There are approximately 3,200 unique labels which cover $~260,000$ chart positions between 1953 and 2018. The charts positions are not uniformly distributed between the labels. The six biggest labels cover $22\%$ of all positions, and $75\%$ of them owned by the hundred largest labels as the curve of the cumulative ratio shows in the left panel. If we group the label according to how many times they are featured on the charts, it is revealed that again around $22\%$ of all record labels had only one single that was on the chart only once (right panel). More interestingly, the cumulative ratio curve on the same panel tells us that $65\%$ percent of the labels only had maximum 10 positions. To summarise, there are much more labels with fewer hits than labels with hundreds or thousands of them.

Time evolution of charts

In this section we break down the statistics to weeks and search for trends across the decades.

Chart descriptors

A handful of useful descriptors are introduced below which will help up to quantify the weekly changes of the charts.

Generic notations

$N_{P}$ : The number of chart positions on a given week.
$N_{L}$ : Number of unique labels on a given week.

Label distribution

$n_{i}$ is the number of singles by label $i$. Let assume both the number of labels and singles are greater than zero. Then the number of positions can be written as

\[N_{P} = m \cdot N_{L} + n, \quad m \in \mathbb{N}, \, n \in \mathbb{N}_{0}, \quad 0 \leq n < N_{L}\]

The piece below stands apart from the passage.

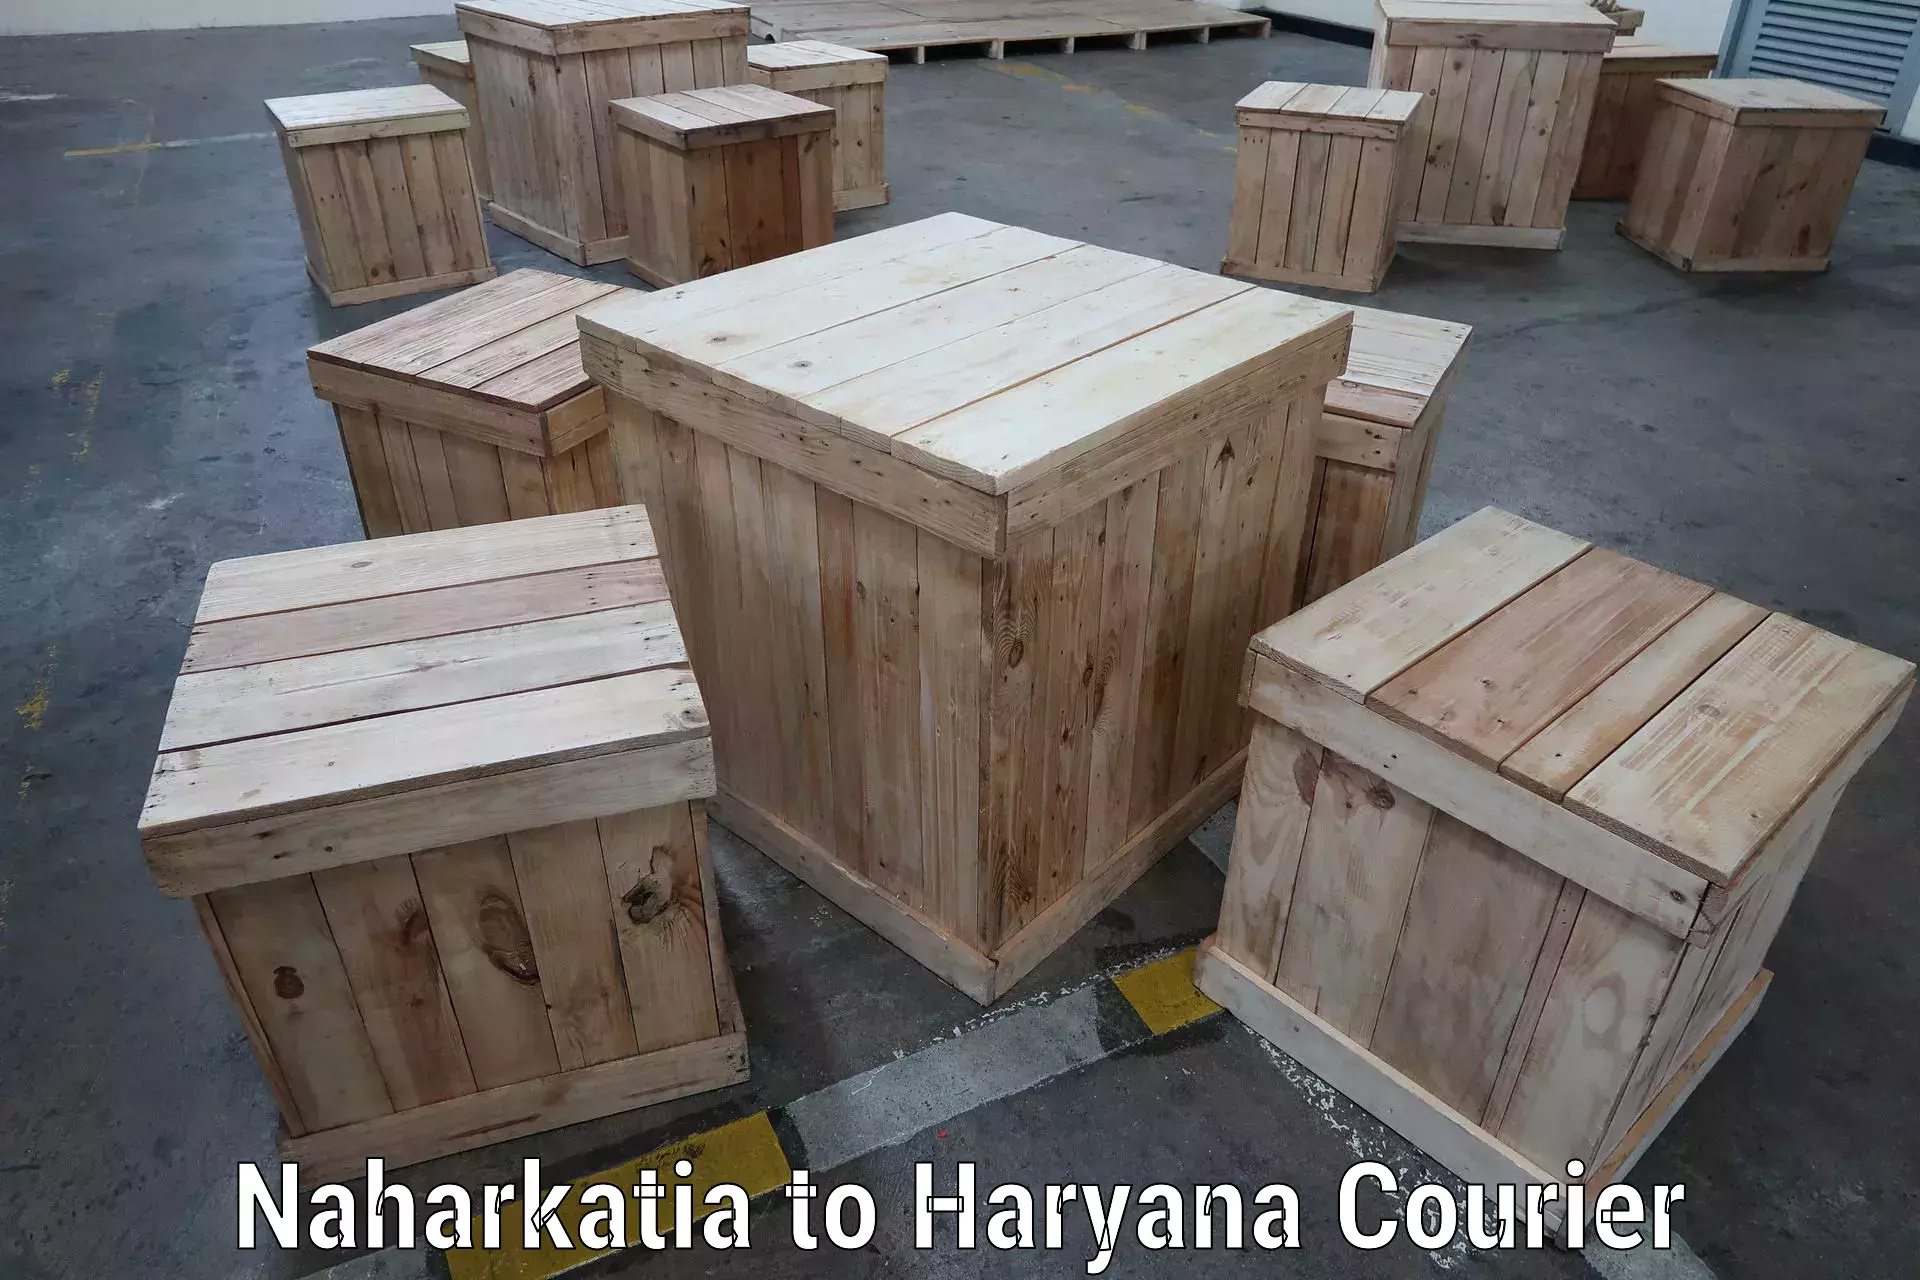 Courier service efficiency Naharkatia to Gurgaon

The most uniform distribution of positions between the labels is then

\[n_{i} = \begin{cases} m + 1 & \, \text{if} \quad 0 \leq i \leq n \\ m & \, \text{if} \quad n < i \leq N_{L} \end{cases}\]

or any permutations thereof. The least uniform arrangement can then be written as

$n_{i} = \begin{cases} 1 & \, \text{if} \quad 0 < i \leq N_{L} \\ N_{P} - (N_{L} - 1) & \, \text{if} \quad i = N_{L} \end{cases}$ or any permutations thereof. The probability of a single belonging to label $i$ is $p_{i}$

\[p_{i} = \frac{n_{i}}{N_{P}}\]

The probability distribution, $p \in \left( 0, 1 \right]^{N_{L}}$ is thus generated. The most uniform distribution is denoted by $p^{max}$, the least uniform one is referred to by $p^{min}$.

Label density

The label density, $\tilde{\rho}_{L}$ measures how many labels are present on a given week. It is defined as the ratio of the number of unique labels and number of positions:

\[\tilde{\rho}_{L} \equiv \frac{N_{L}}{N_{P}}, \quad \frac{1}{N_{P}} \leq \tilde{\rho}_{L} \leq 1\]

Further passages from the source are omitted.